The Upsert load method requires each record in a table to be unique. To establish record uniqueness, you must define the Identifier Paths field within the Data Catalog's object properties as the table's primary or unique keys.
We recommend that you use the Upsert method to load data for most scenarios. This method allows tables to reflect the current state of your source data.
Note: The Upsert method is not supported by all destinations. See Destinations.When you upsert records and in the batch window, there are multiple events that are associated with the same record, only the events' highest variation is retained for the delivery. Older variations are excluded from the delivery. Events that are excluded during the process are counted and their quantity is displayed on the Excluded graph on the Overview tab in a pipeline.
- Insert load method
Inserts events as new records into a table. Unlike the Upsert load method, the Insert load method does not update existing records. Hence, a processed event's variation does not matter.
When you use the Insert method, we recommend that you remove primary and unique keys from the table columns. Otherwise, if a record with the same unique key or identifier already exists in the table, the Insert operation fails and the events are moved to the Replay Queue because of the load errors.
We recommend that you use the Insert method to maintain historical data in the target tables.
Example of a data load with the Upsert method
These conditions must be met to load data with the Upsert method:
- Use the stream pipeline for which the Upsert loading method is defined.
- The Upsert method is supported by the destination.
- Source data has identifier and variation columns.
- The destination table has primary or unique keys columns that match the source identifier columns.

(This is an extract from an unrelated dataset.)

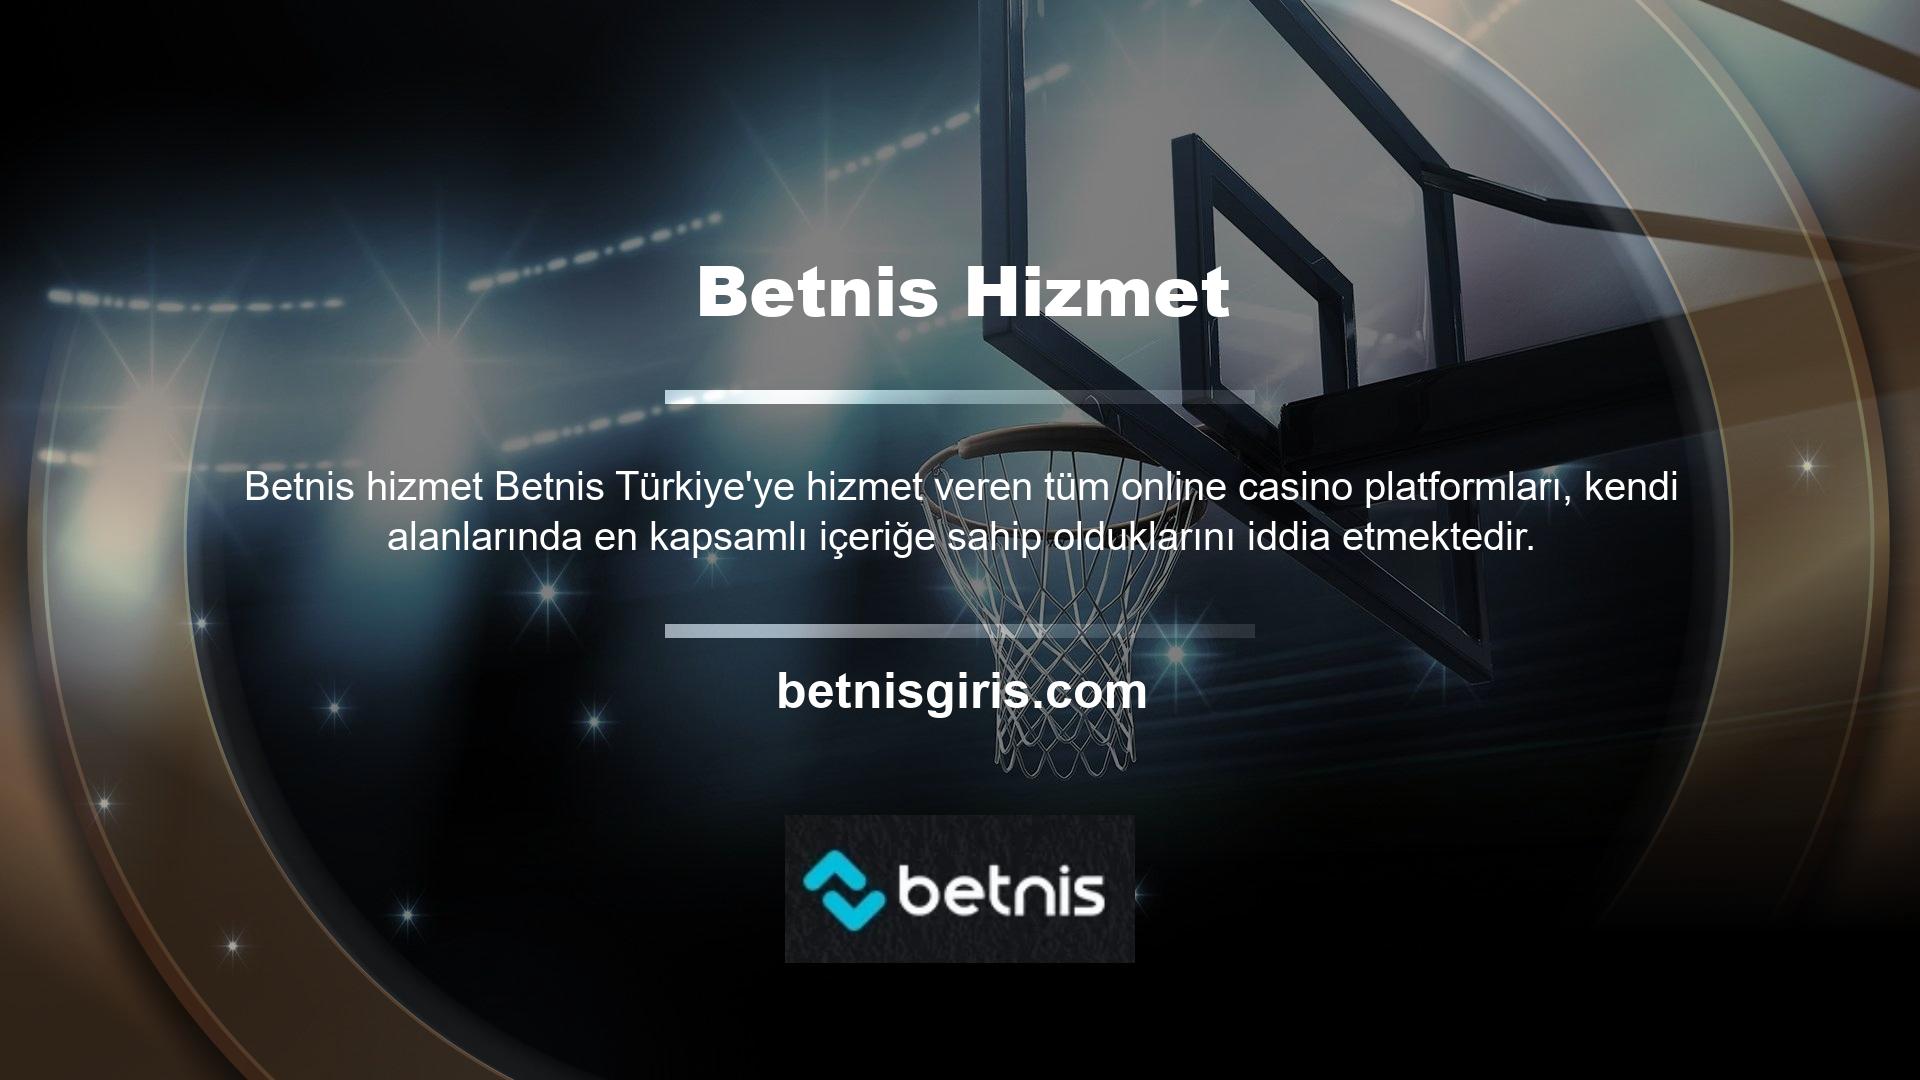 Genel olarak, Betnis benzer oyun içeriği aynı anda tüm çevrimiçi casino platformlarında bulunabilir

This table shows the destination table that contains these records:
ID | Description | Price | VariationNumber |
---|---|---|---|
1 | Banana | 1.10 | 9999 |
2 | Apple | 0.30 | 9999 |
This table shows events that are published by the source within the time frame of 100 ms:
ID | Description | Price | VariationNumber |
---|---|---|---|
1 | Banana | 1.50 | 10001 |
2 | Apple | 0.50 | 10001 |
3 | Orange | 2.10 | 10001 |
4 | Watermelon | 3.99 | 10001 |
2 | Apple | 0.55 | 10002 |
The upsert optimization process excludes the event with ID 2 and variation number 10001. This is because the delivery batch contains a newer event for the same ID but with a higher value of 10002 in the VariationNumber field.

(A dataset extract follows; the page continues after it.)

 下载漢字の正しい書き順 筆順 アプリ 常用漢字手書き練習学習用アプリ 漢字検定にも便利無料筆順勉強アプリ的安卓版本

This table shows records in the destination table after the successful event delivery:
ID | Description | Price | VariationNumber |
---|---|---|---|
1 | Banana | 1.50 | 10001 |
2 | Apple | 0.55 | 10002 |
3 | Orange | 2.10 | 10001 |
4 | Watermelon | 3.99 | 10001 |
Events with IDs 3 and 4 have been inserted and events with IDs 1 and 2 have been updated.
Example of a data load with the Insert method
These conditions must be met to load data with the Insert method:
- Use the stream pipeline for which the Insert loading method is defined.
- Source data has identifier and variation columns.
- The destination table has no unique column constraints.
This table shows the destination table that contains these records:
ID | Description | Price | VariationNumber |
---|---|---|---|
1 | Banana | 1.10 | 9999 |
2 | Apple | 0.30 | 9999 |
This table shows events that are published by the source:
ID | Description | Price | VariationNumber |
---|---|---|---|
1 | Banana | 1.50 | 10001 |
2 | Apple | 0.50 | 10001 |
3 | Orange | 2.10 | 10001 |
4 | Watermelon | 3.99 | 10001 |
2 | Apple | 0.55 | 10002 |
This table shows records in the destination table after the successful event delivery:
ID | Description | Price | VariationNumber |
---|---|---|---|
1 | Banana | 1.10 | 9999 |
2 | Apple | 0.30 | 9999 |
1 | Banana | 1.50 | 10001 |
2 | Apple | 0.50 | 10001 |
3 | Orange | 2.10 | 10001 |
4 | Watermelon | 3.99 | 10001 |
2 | Apple | 0.55 | 10002 |
After the successful delivery, the destination table contains all added and already existing events.